The Prisank Window is a 80m high, 40m wide hole which goes right through the mountain, one of the largest and best known mountain windows in the Julian Alps. The Pagan Girl is a pretty good attempt at a human face looking back at you from the rock wall, formed by erosion and rock falls, I remember reading at the site that the face was 120m high, but I cannot find confirmation of that from any other source so it may not be correct.
In order to appreciate the sheer scale of these cliffs I think that the following picture which I took in 2017 might help - the three tiny ants you can see on the top of the ridge are mountaineers.
At the highest point of the pass there are a number of restaurants, a good amount of parking space and the possibility to follow many hiking trails. On this occasion I just looked at the view and headed back to base.
The following afternoon England were playing Sweden in the World Cup quarter final and I wanted to watch the match... but I also wanted to take pictures... so I decided upon an early start and an ambitious road trip.

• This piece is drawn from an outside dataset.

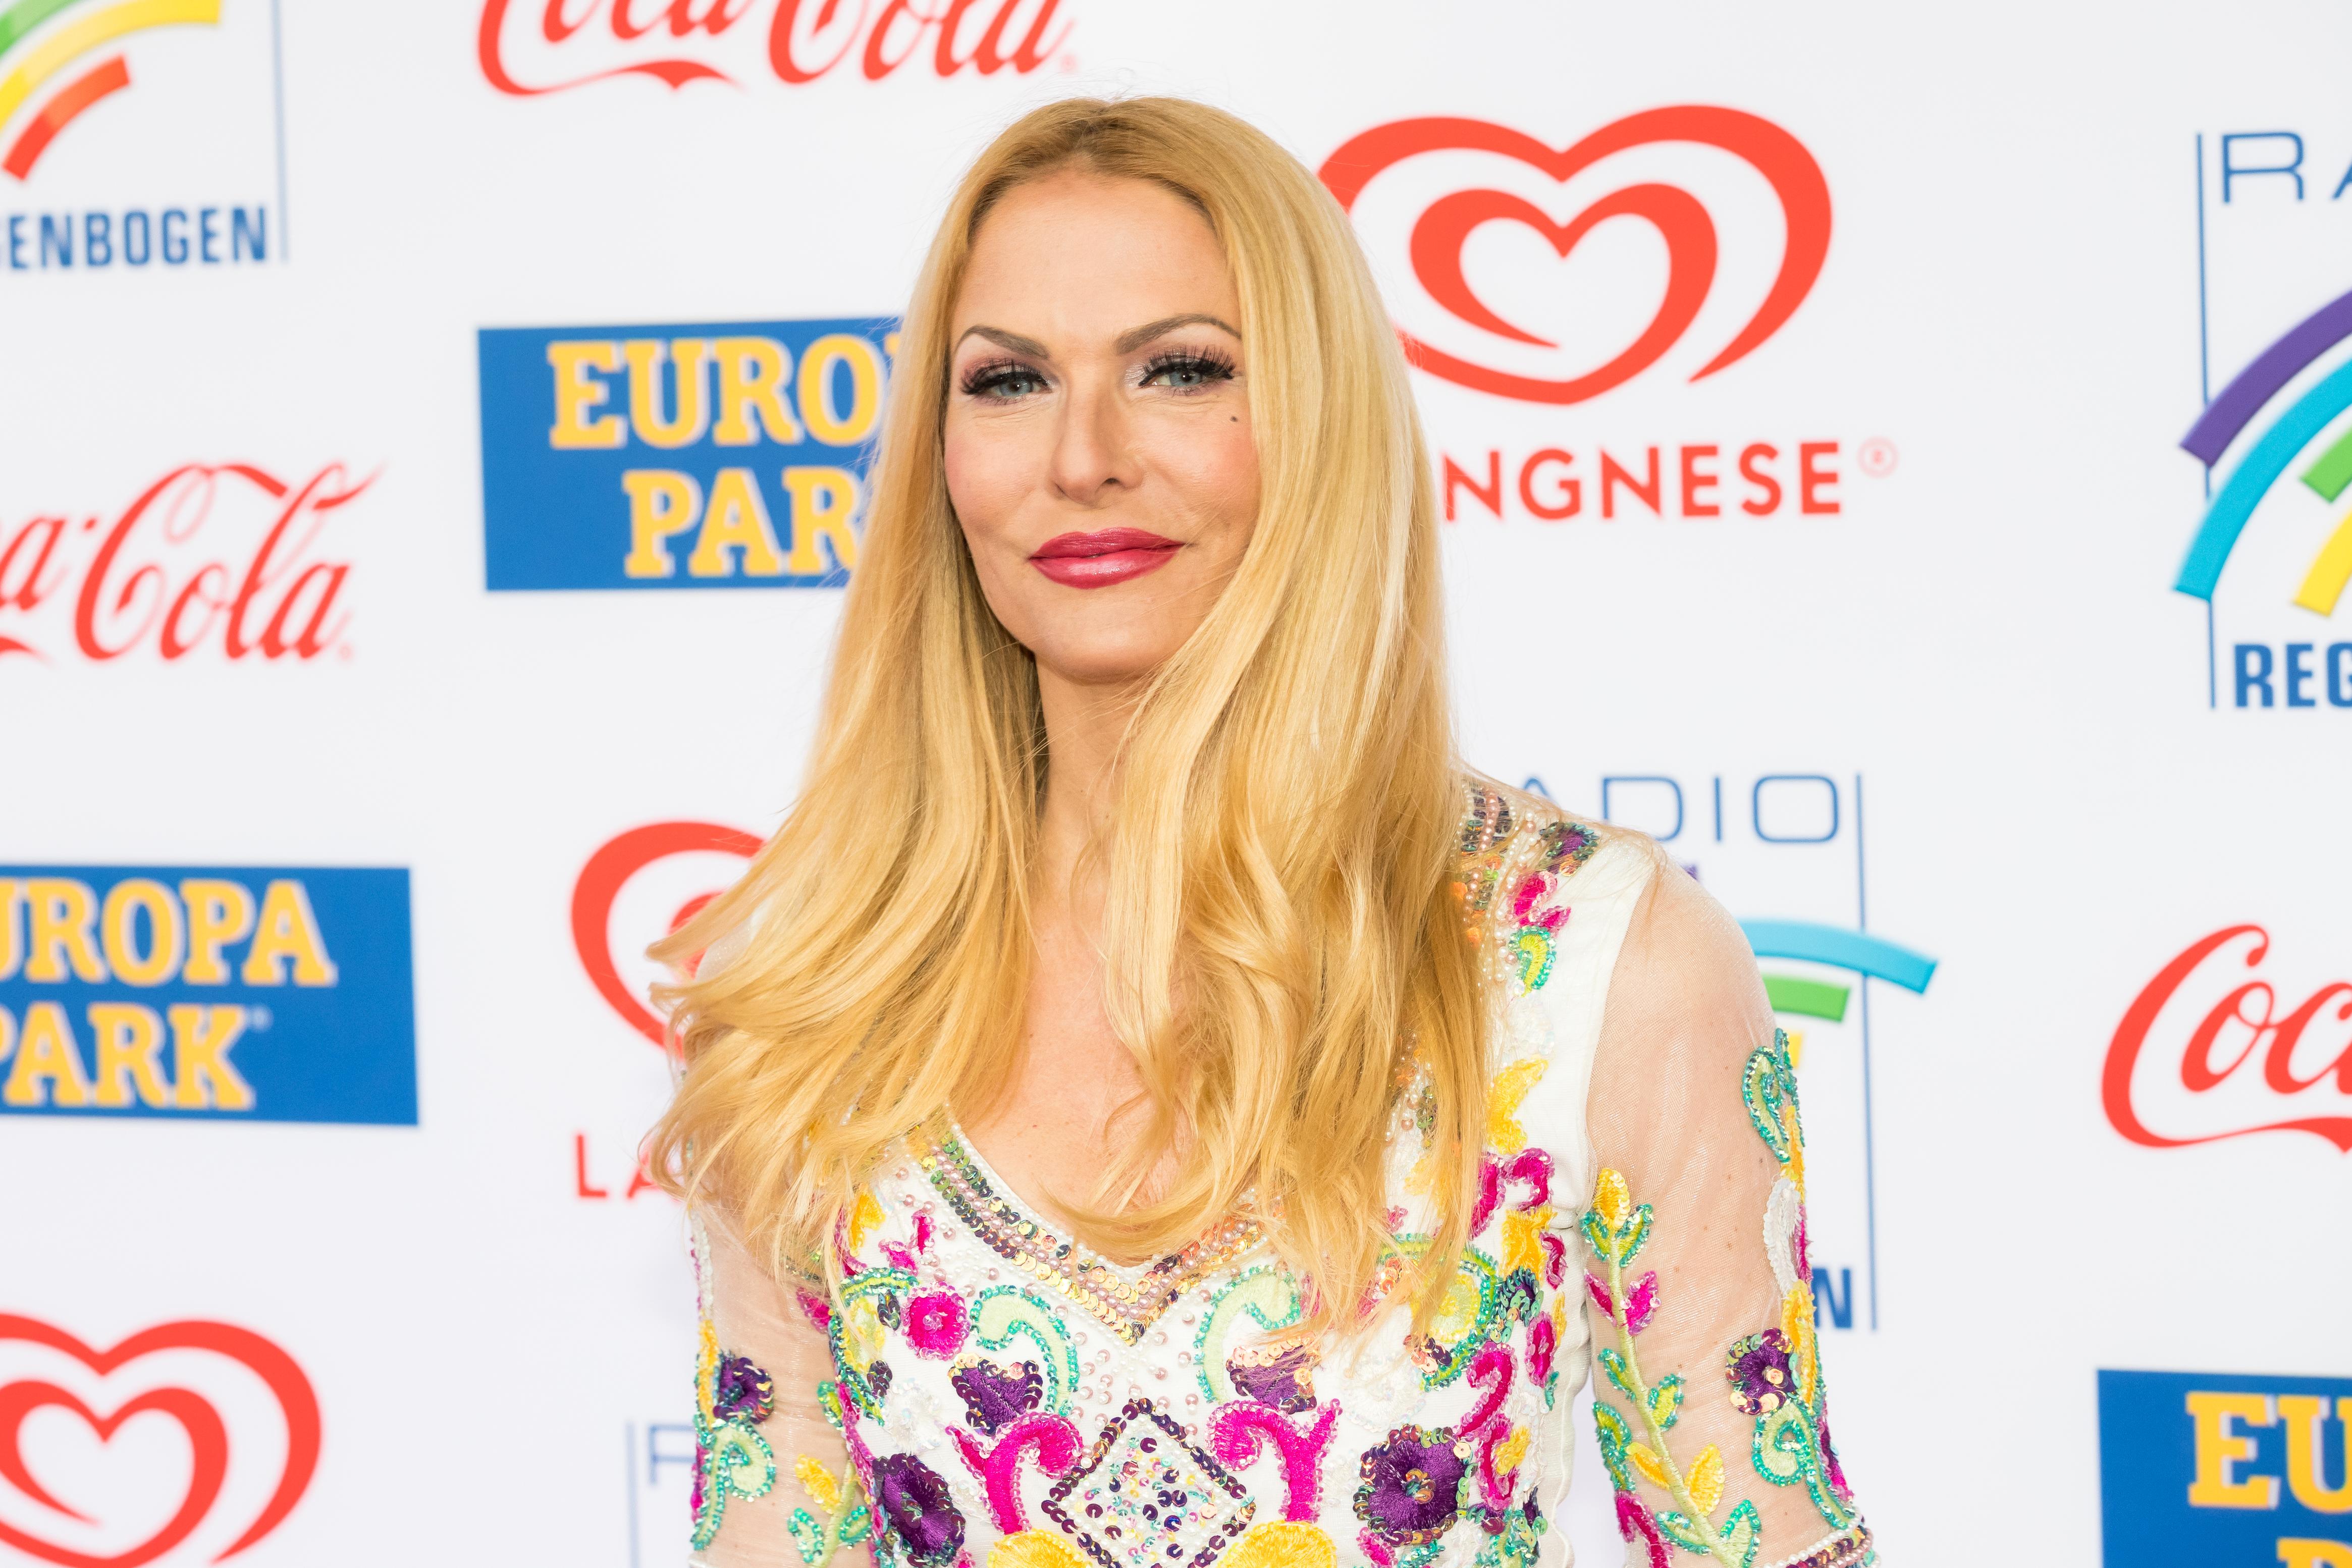 Er 46-år gammel 177 cm høj Sonya Kraus i 2020

I left the hotel at 0400 and was in position at Lake Jasna shortly after 0500. The water level was remarkably higher than the previous day and the sunrise was a total non-event... I moved on shortly after 0600.
By 0700 I had negotiated the 24 ascending and 26 descending hairpins of the Vršič Pass and was following the path of the very beautiful Soca river through the valleys.

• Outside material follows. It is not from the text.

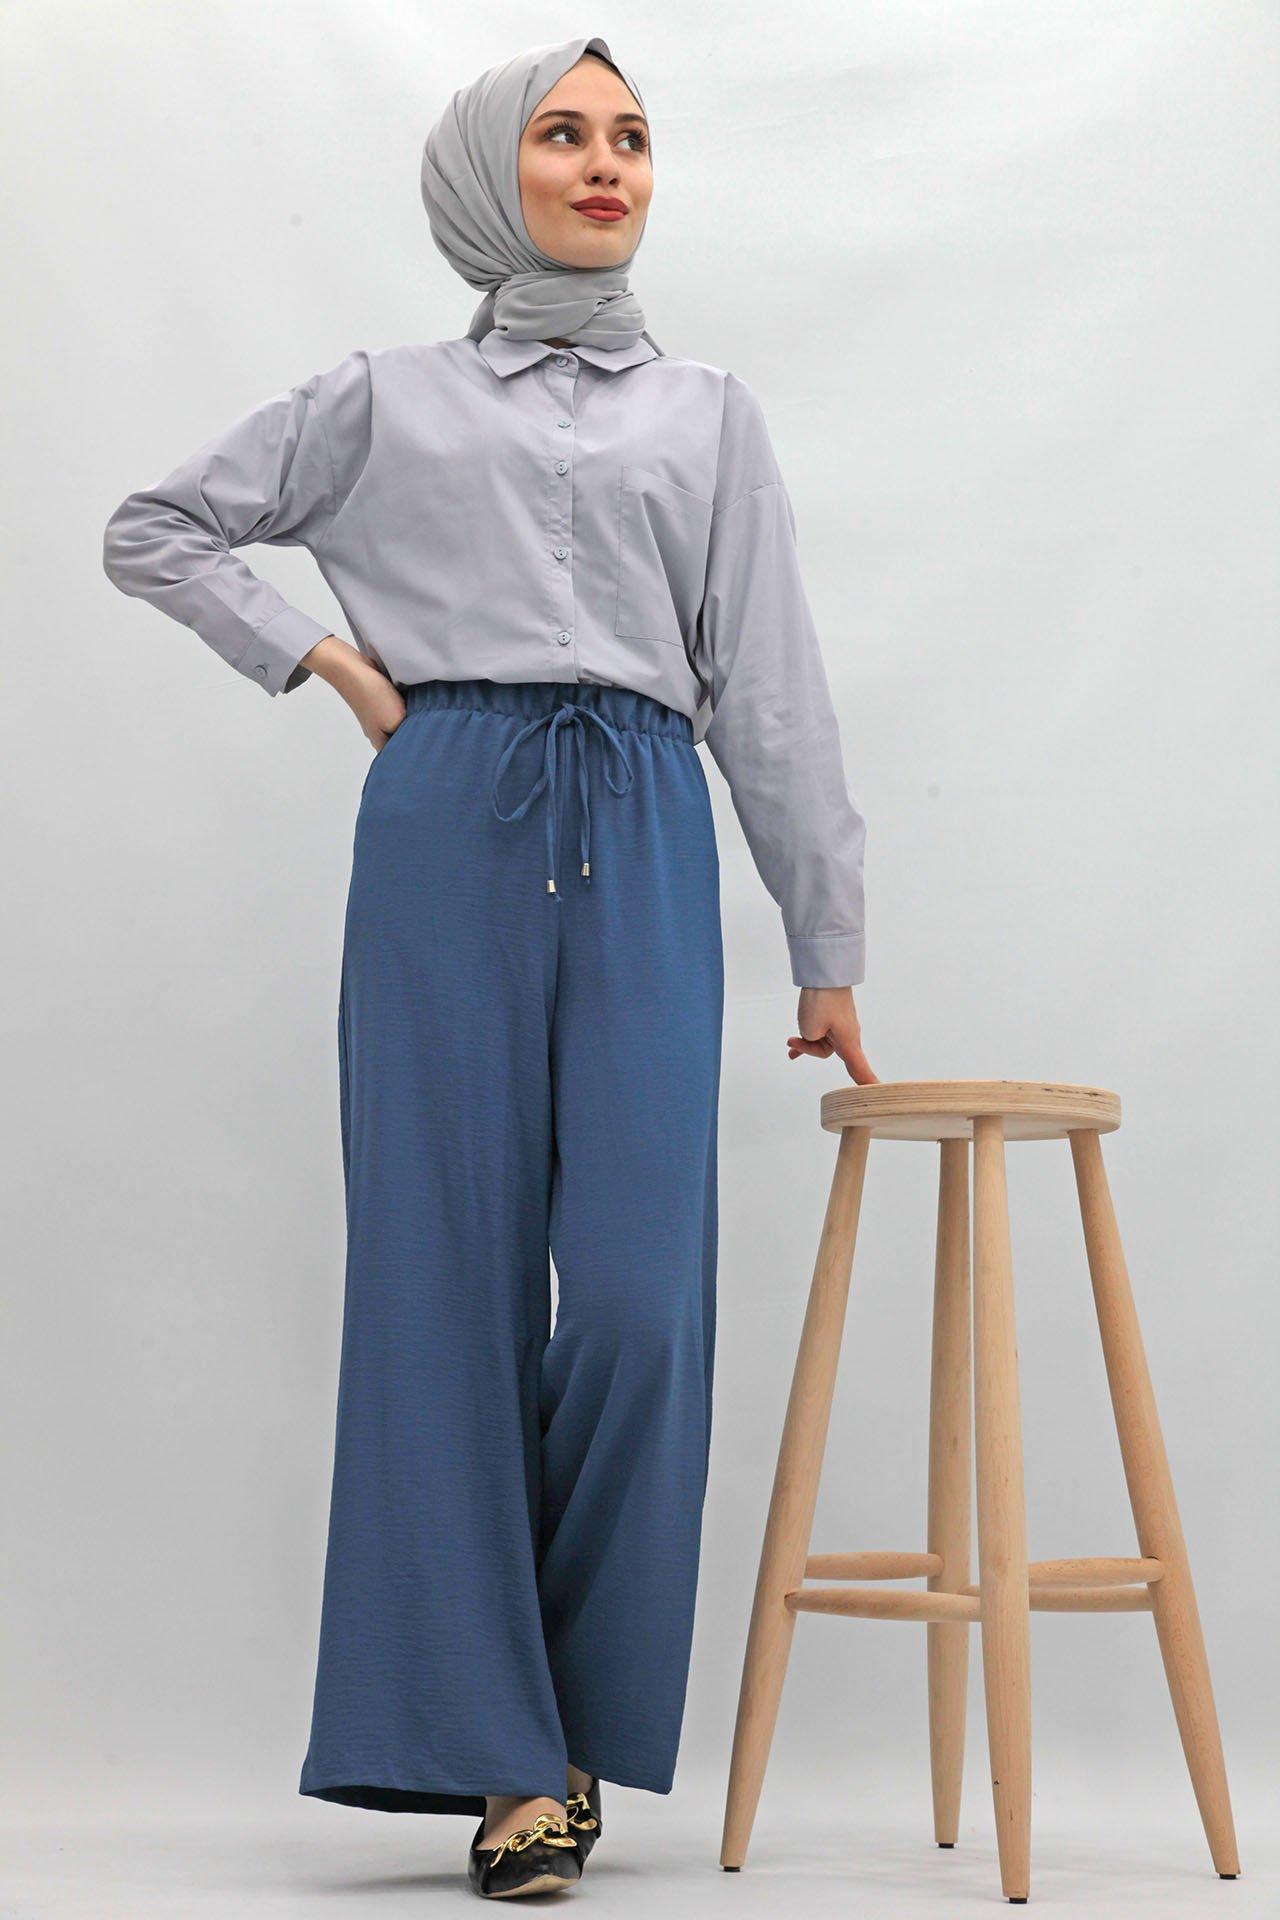 GİZAGİYİM - Bol Paça Aerobin Pantolon İndigo

I stopped to stretch my legs at the Great Soca River Gorge before 0800, this is a section of river which has carved out a steep sided canyon for itself, it is a beautiful and dangerous place with an unguarded drop to the raging water and rocks below. The section of river downstream from the gorge is a bit more open and gentle and a popular spot for sun worshippers and people in need of the refreshing experience of leaping into pools of cool water from the less high and less dangerous rocky banks. Although I enjoyed being there I did not find good ideas for photographs.
By 0900 I was having a latte in the hotel near to the Boka waterfall. After a steep uphilll climb it was possible to observe this mighty waterfall, with an initial vertical drop of 106m and a secondary drop of 30m before feeding into Boka creek. The creek is one of the shortest in Slovenia, joining the Soca river after only a few hundred metres. The waterfall has the highest flow of any in Slovenia, reaching upwards of 100 cubic metres per second in the wettest season. On this occasion the flow was significantly less.
The scale of the waterfall is difficult to communicate in a photograph due to the scale of the surroundings... a 106m waterfall does not look so impressive when it is set in a 400m high rock face. You need such a wide angle lens to communicate the whole scene that the waterfall itself is reduced to a miniature size in the frame.
I had understood that there was an even higher viewpoint from where the view could be further improved but after ascending for another 15 minutes or so I began to feel that the downward journey would be a bit too hazardous if I continued upwards, there was quite a lot of loose rock and stones underfoot and it was a bit slippery. With no other people around I thought that the possibilities of having an unnoticed accident were higher than I would like.
Anyway, this was a great place to visit and I recommend it for anyone who is in the area. It was possible to see the high water mark from the rocks at the base of the waterfall, I believe that it would be absolutely spectacular when viewed in peak flow.
Onwards... my next stop was supposed to be Kozjak waterfall... but a difficulty with navigation brought me instead to a lovely hillside in the middle of nowhere... after ascending a large hill by a series of hairpins on a road which was not very wide.
Here, on this beautiful hillside, battalions of insects were going about their most important business - pollinating left, right and centre.
I once again negotiated the hairpins on the way down the hill and found the spot I was aiming for in the first place, eventually managing to park in a "not big enough for all the cars" car park - a task which was complicated by some "its too hot and I already had enough of this and the kids are getting on my nerves" driving from some other visitors. Onwards... to Kozjak waterfall.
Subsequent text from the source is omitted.